Signs of lower inflation and slower growth have contributed to a surge in expectations that the Fed will be well positioned to cut short-term interest rates next year, despite a continuing message from Fed policymakers that they may need to keep rates higher for longer than many anticipate. How much of that is simply the Fed jawboning to manage expectations and restrain excessive risk-taking remains to be seen, but policymakers are keenly aware of financial conditions broadly in assessing the appropriate level for short-term policy rates. The recent easing in financial conditions could leave the Fed with no choice but to lean into holding rates higher for longer as a counterbalance. Fed Chair Jay Powell has made a point to keep the possibility for further rate hikes on the table, although that seems increasingly unlikely as the economy slows.
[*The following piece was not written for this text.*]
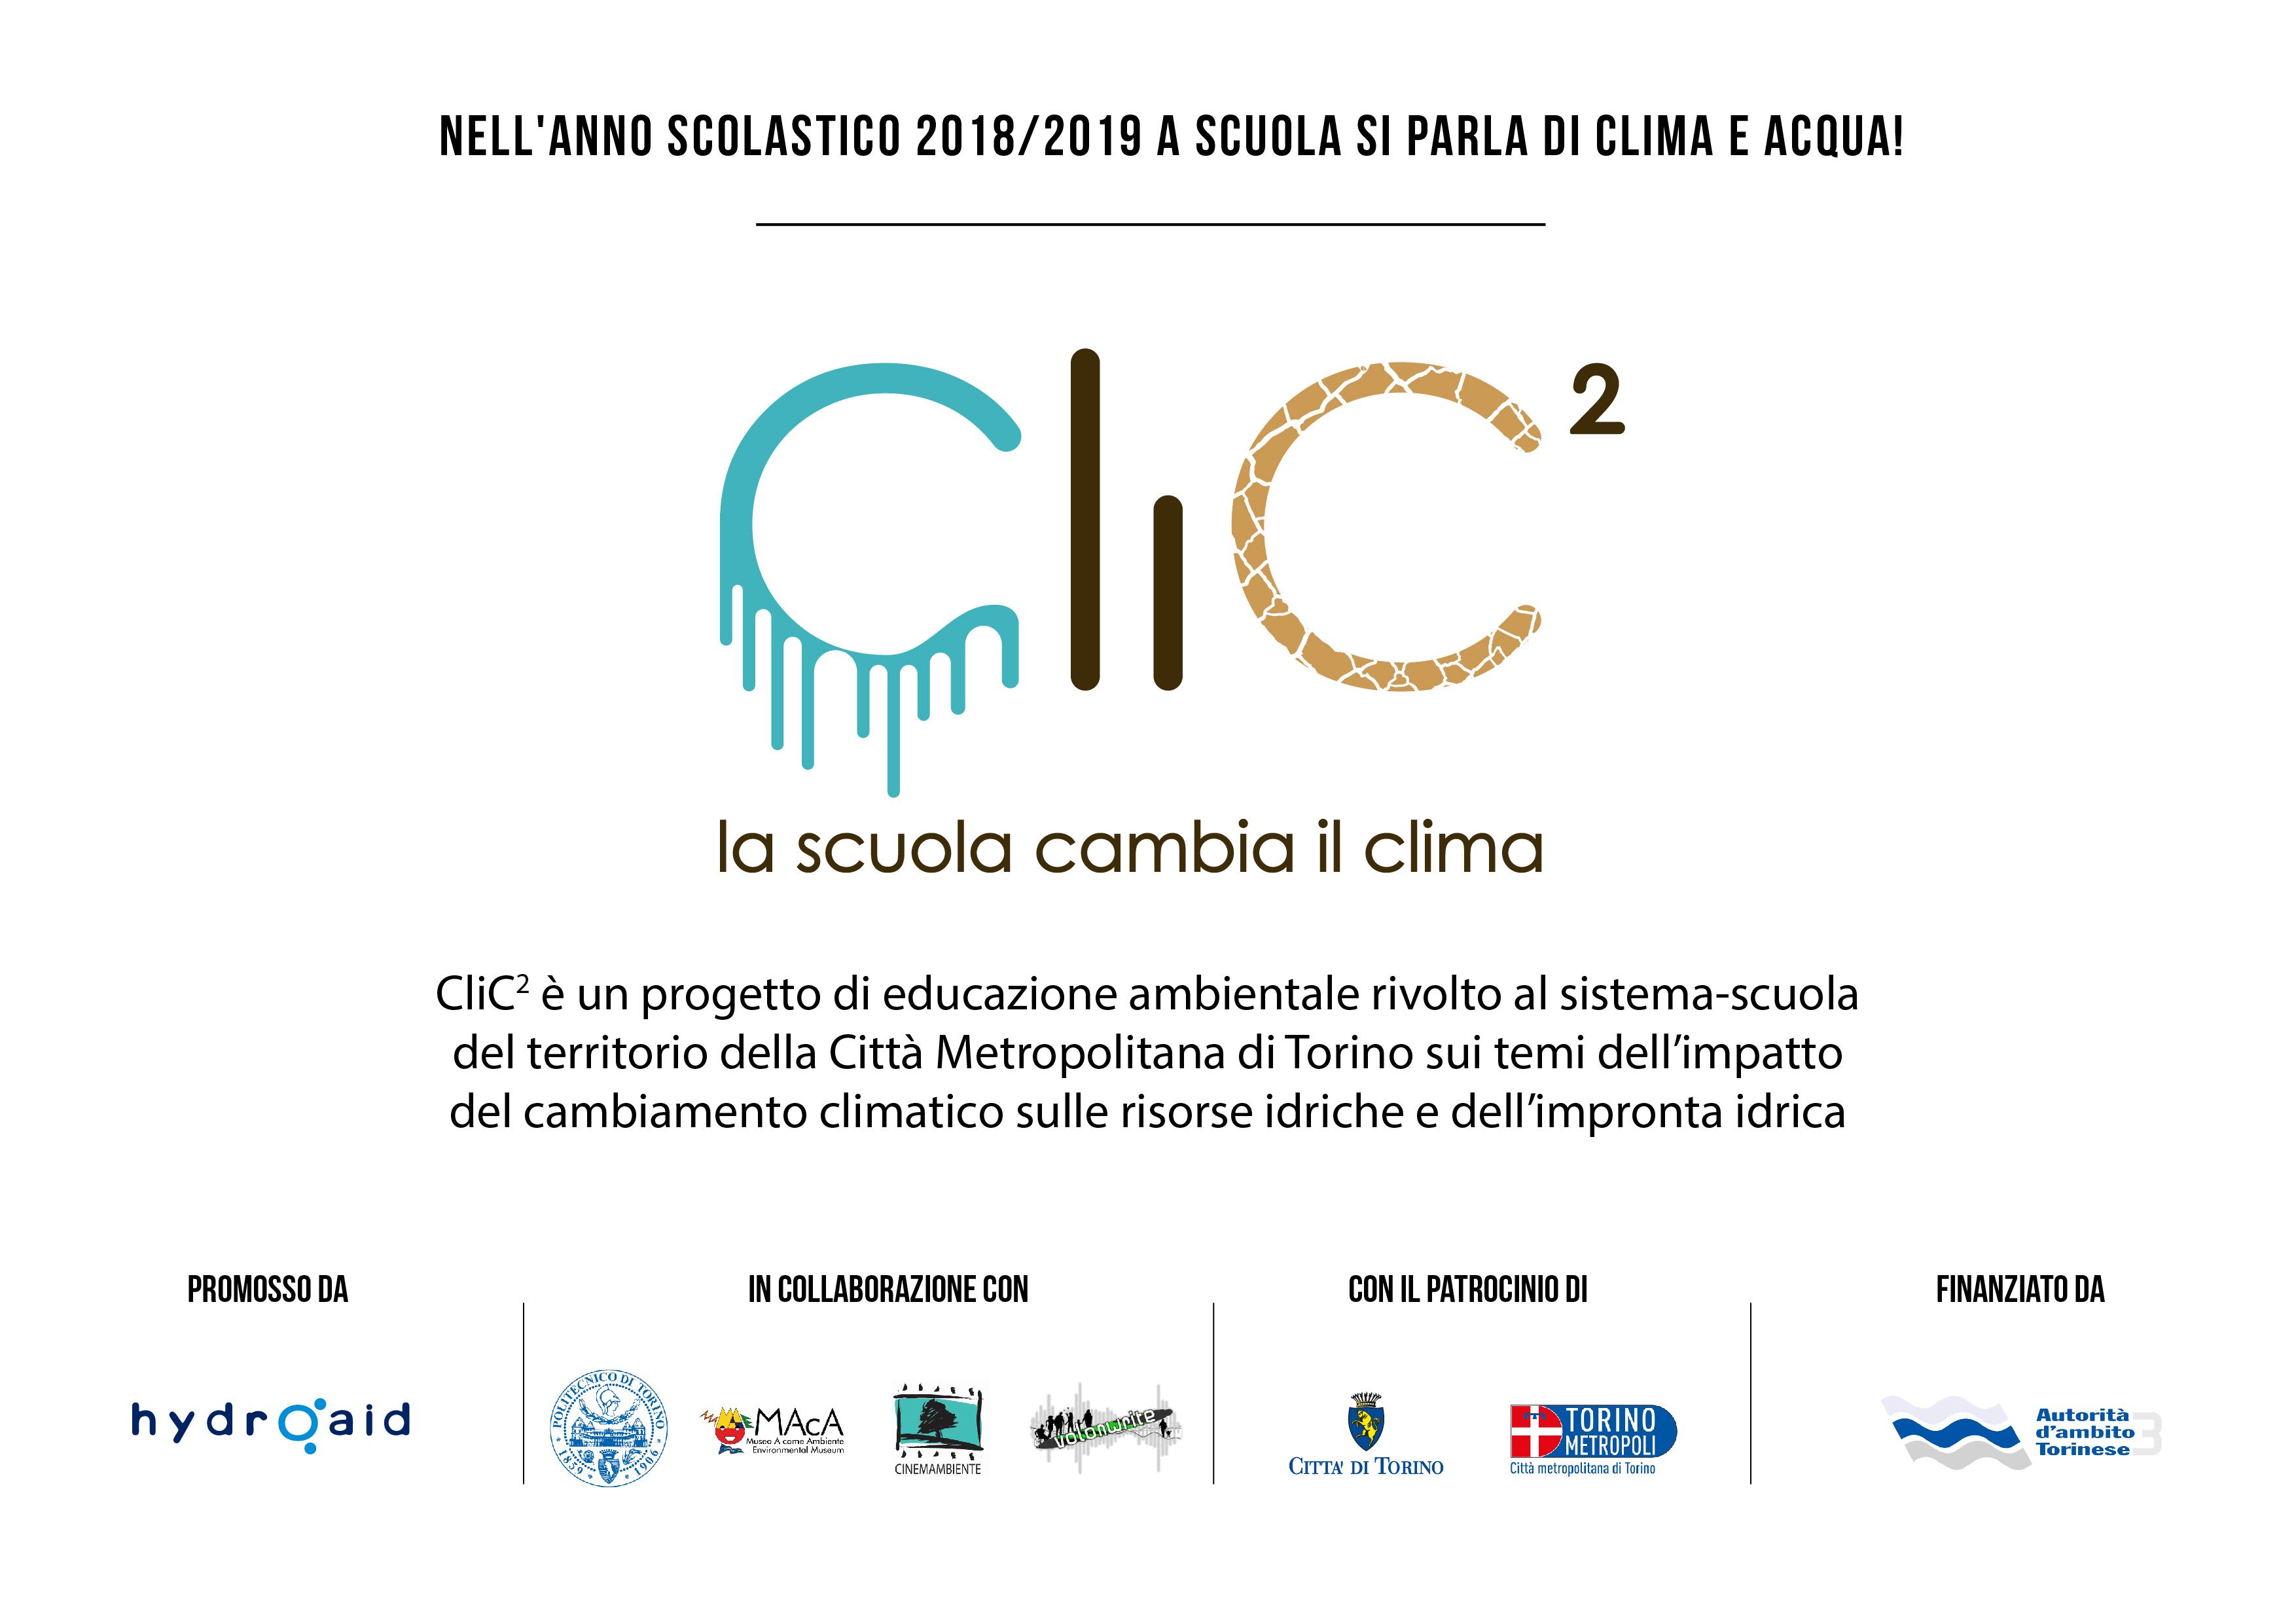 """CLIC2 guiderà gli studenti in un percorso educativo che, con il supporto di giochi di ruolo, incontri tematici, laboratori didattici, proiezioni di filmati e realizzazioni di brevi video, consentirà loro di """"immergersi"""" nelle sfide poste dal cambiamento climatico stimolando la loro immaginazione, la loro inventiva, il loro ingegno e la loro creatività."""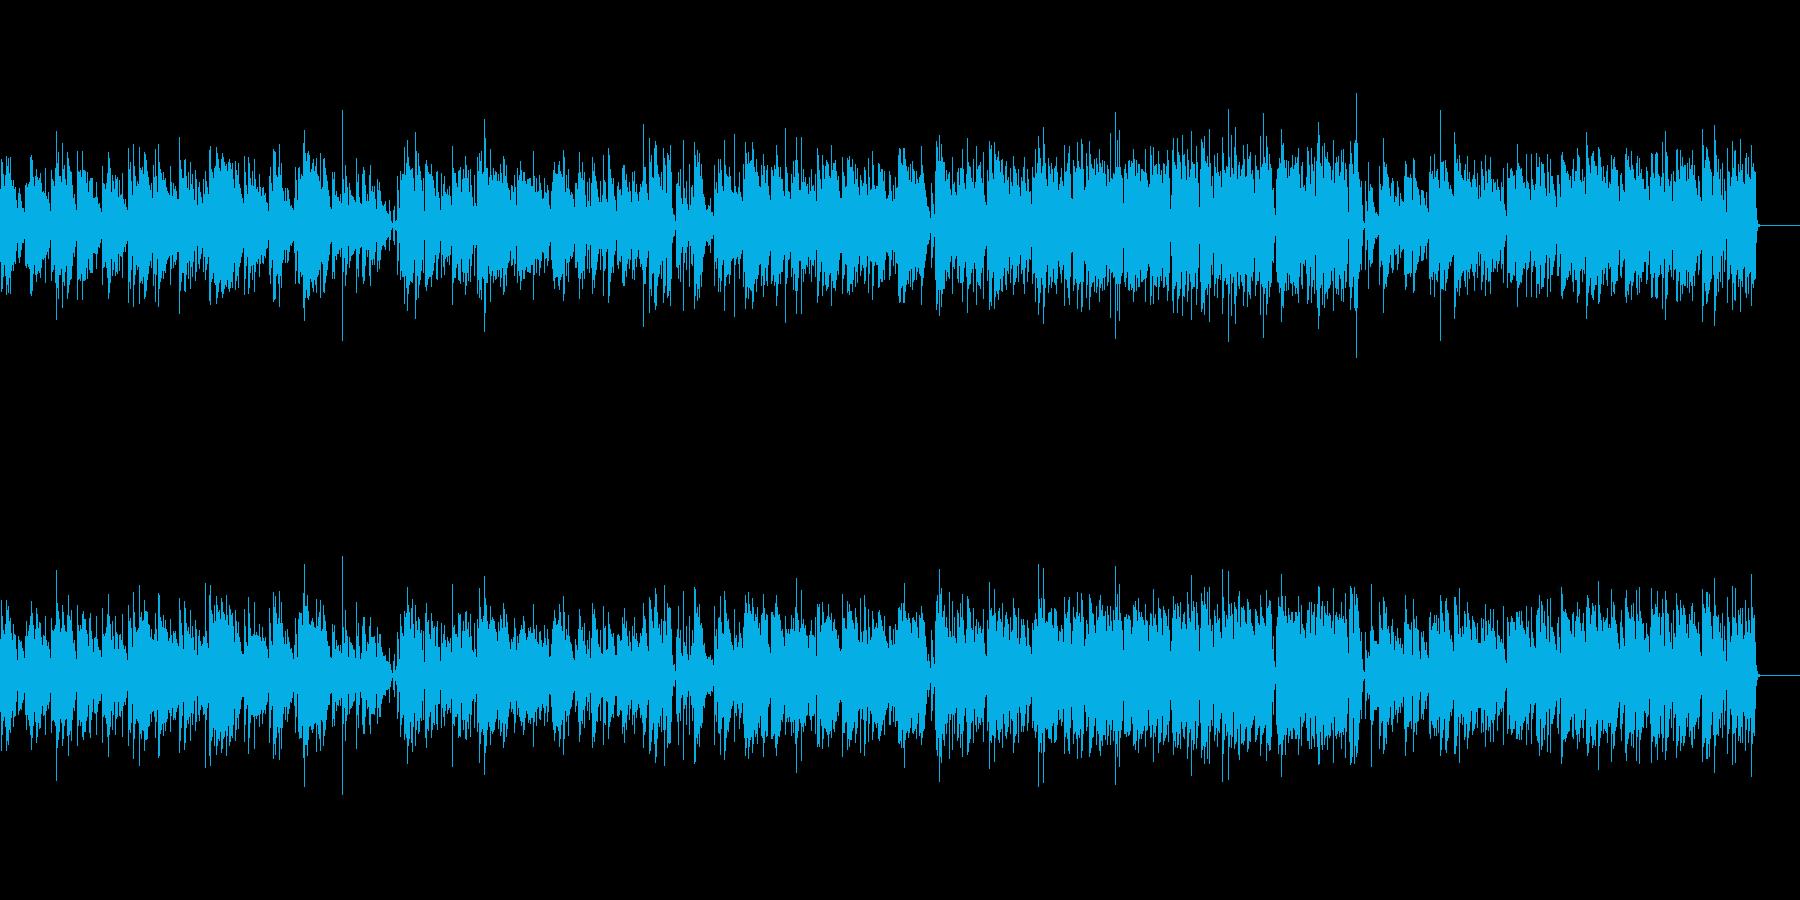 ヴィヴァルディのボサノバ風アレンジの再生済みの波形

For those in the soft landing/rate cut camp, the November inflation report provides further — albeit modest — evidence of progress toward that goal. For those in the higher-for-longer camp, the stickiness of core inflation around 4% and lack of progress in recent months provides the argument to push back against rate cuts in the near term.
The bottom line? Inflation still appears to be on a slow path to normalization, but the stickiness of core prices in a range well above the Fed’s target could give policymakers reason to hold rates steady for the time being. The worst of the inflation scare is behind us, but labor conditions are still relatively tight, keeping upward pressure on wages still firmly on the radar for policymakers. For a Fed that doesn’t want to declare victory prematurely, the urge to cut its policy rate is likely still quite low, regardless of what investors are hoping for. As such, the Fed is likely to continue to walk its policy tightrope — acknowledging that progress has been made while warning that their work may not yet be done.